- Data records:
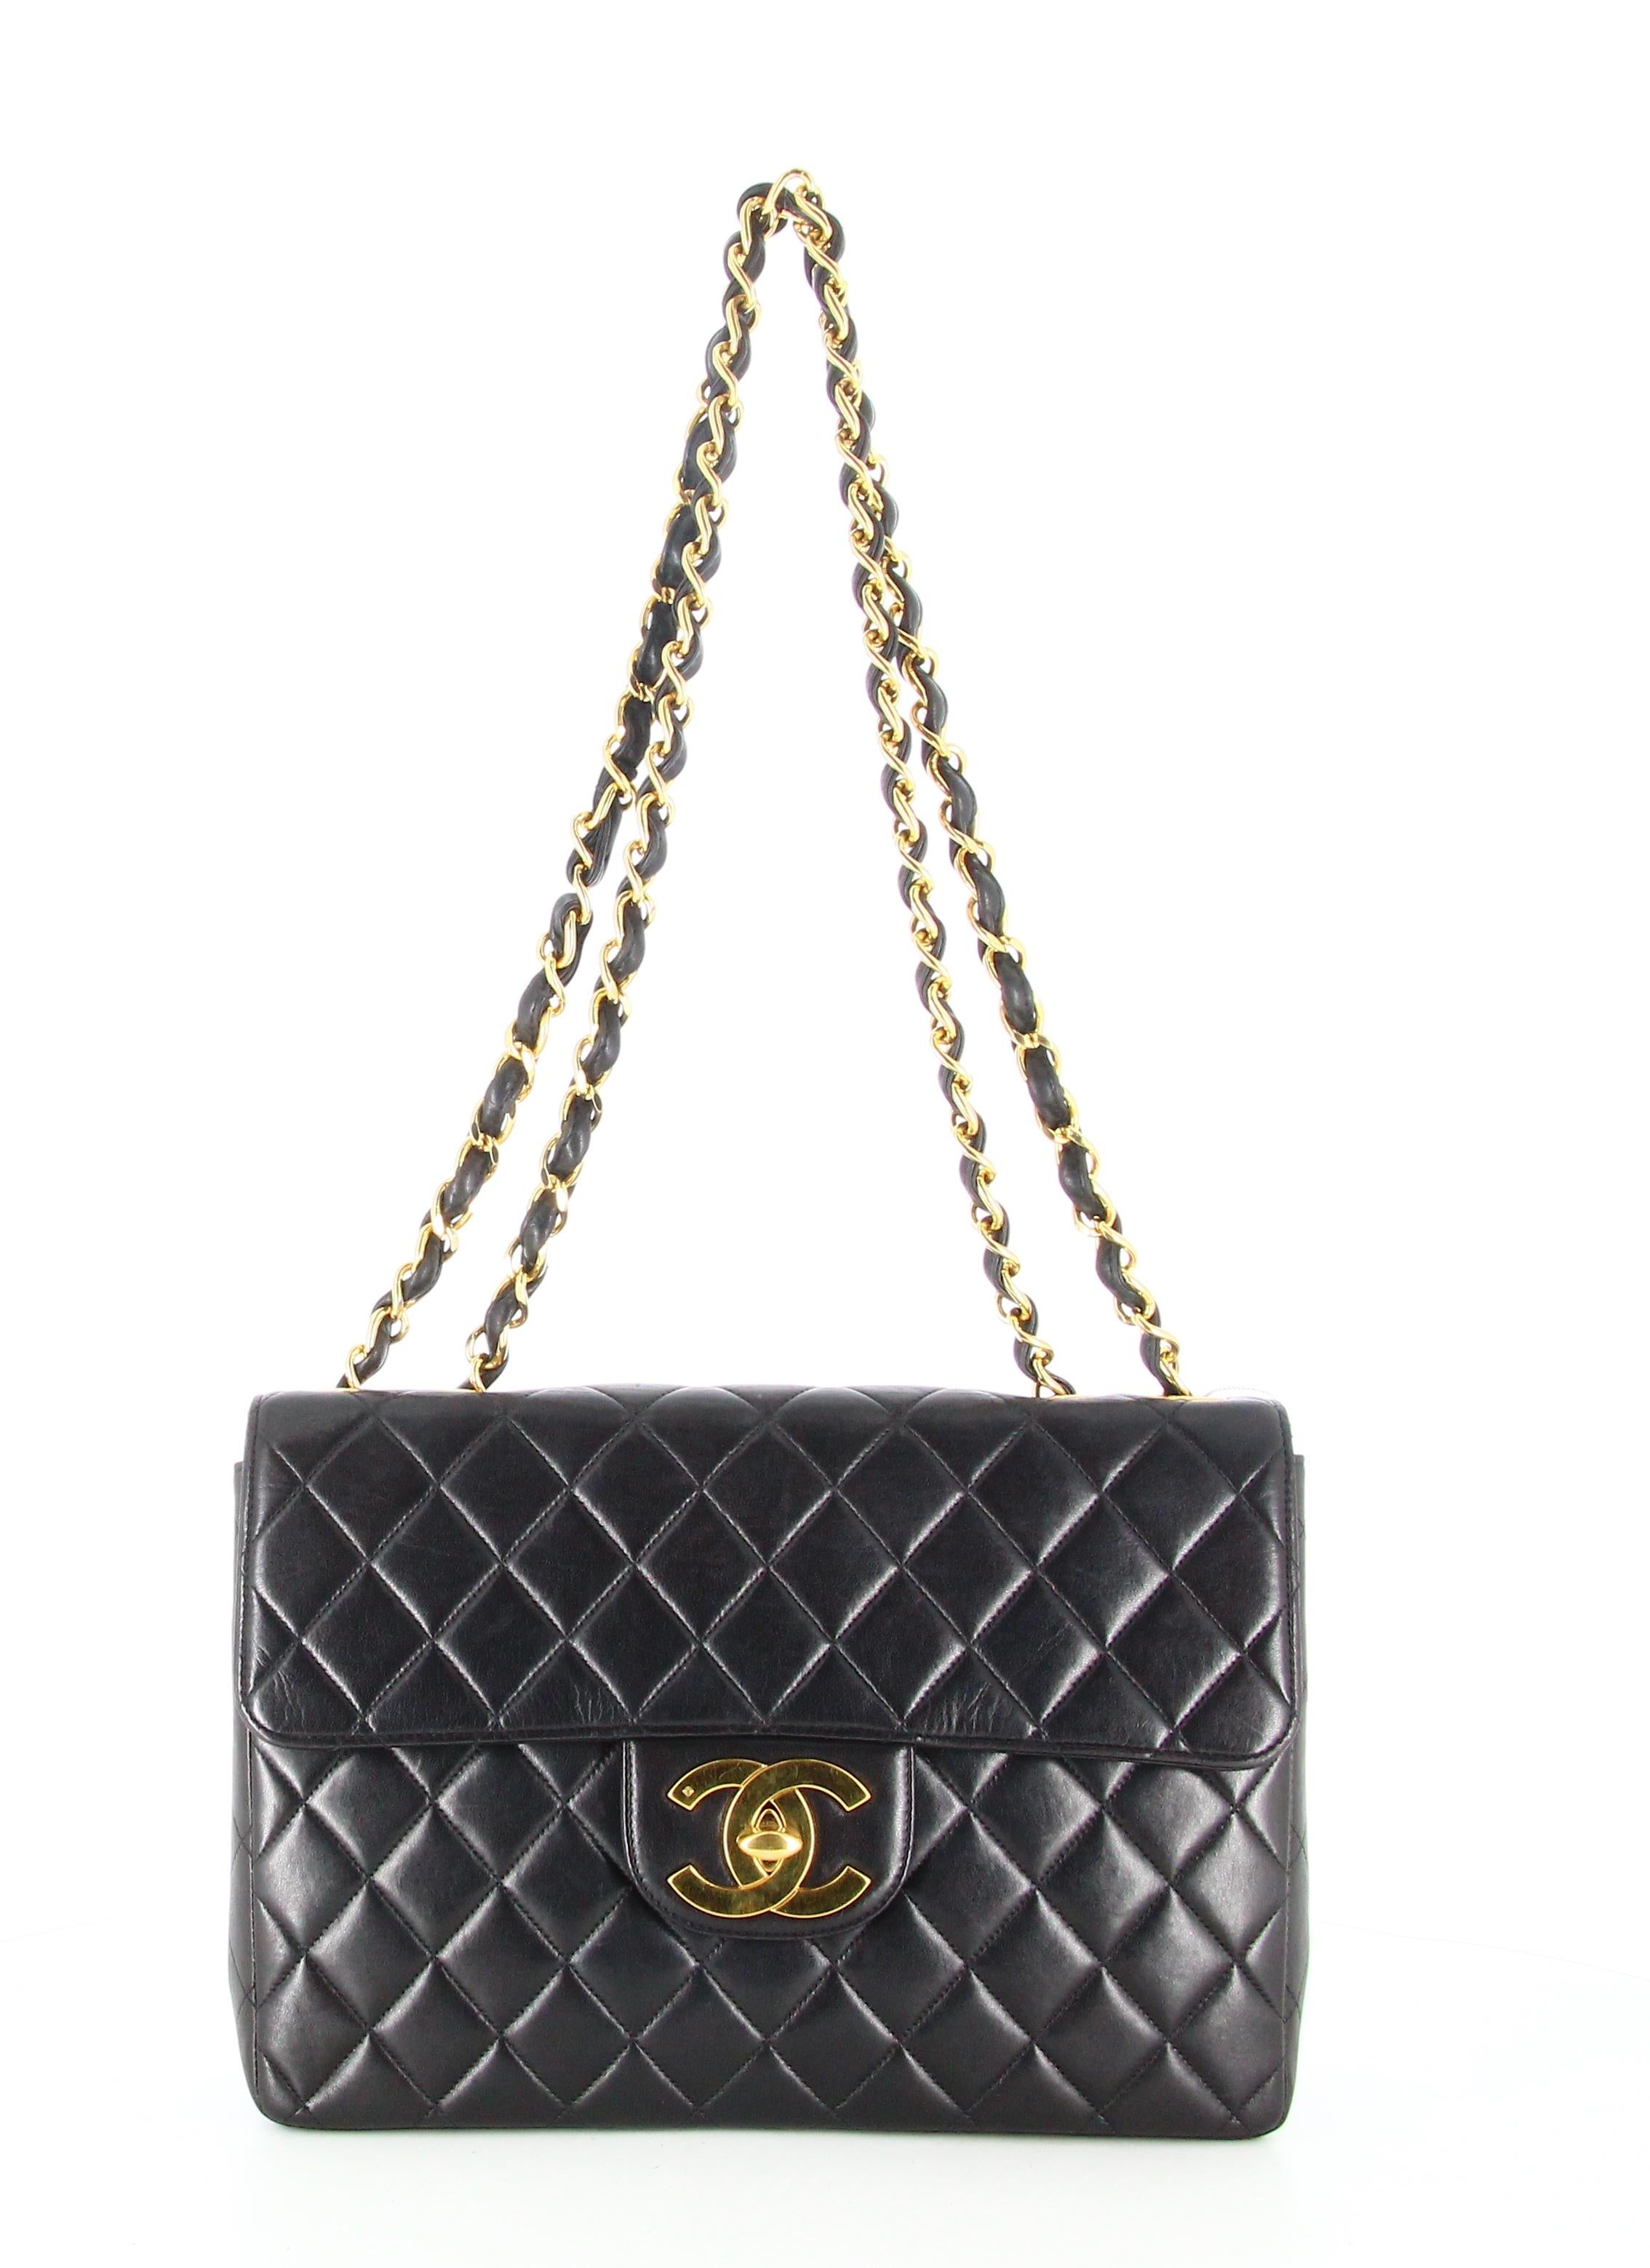 1994 Chanel Timeless Jumbo Quilted Handbag Black Golden 

- Good condition. Shows signs of wear and tear over time.
- Chanel timeless handbag
- Black quilted 
- Lambskin leather 
- Clasp: Double C golden 
- Double golden chain and black leather 
-

- DIRECTIONS FOR THIS TASK:
Nothing but the lines from the one holding "- Chanel timeless handbag" to the end of the entries should be output, each exactly as it appears.

- COMPLETED TASK:
- Chanel timeless handbag
- Black quilted 
- Lambskin leather 
- Clasp: Double C golden 
- Double golden chain and black leather 
-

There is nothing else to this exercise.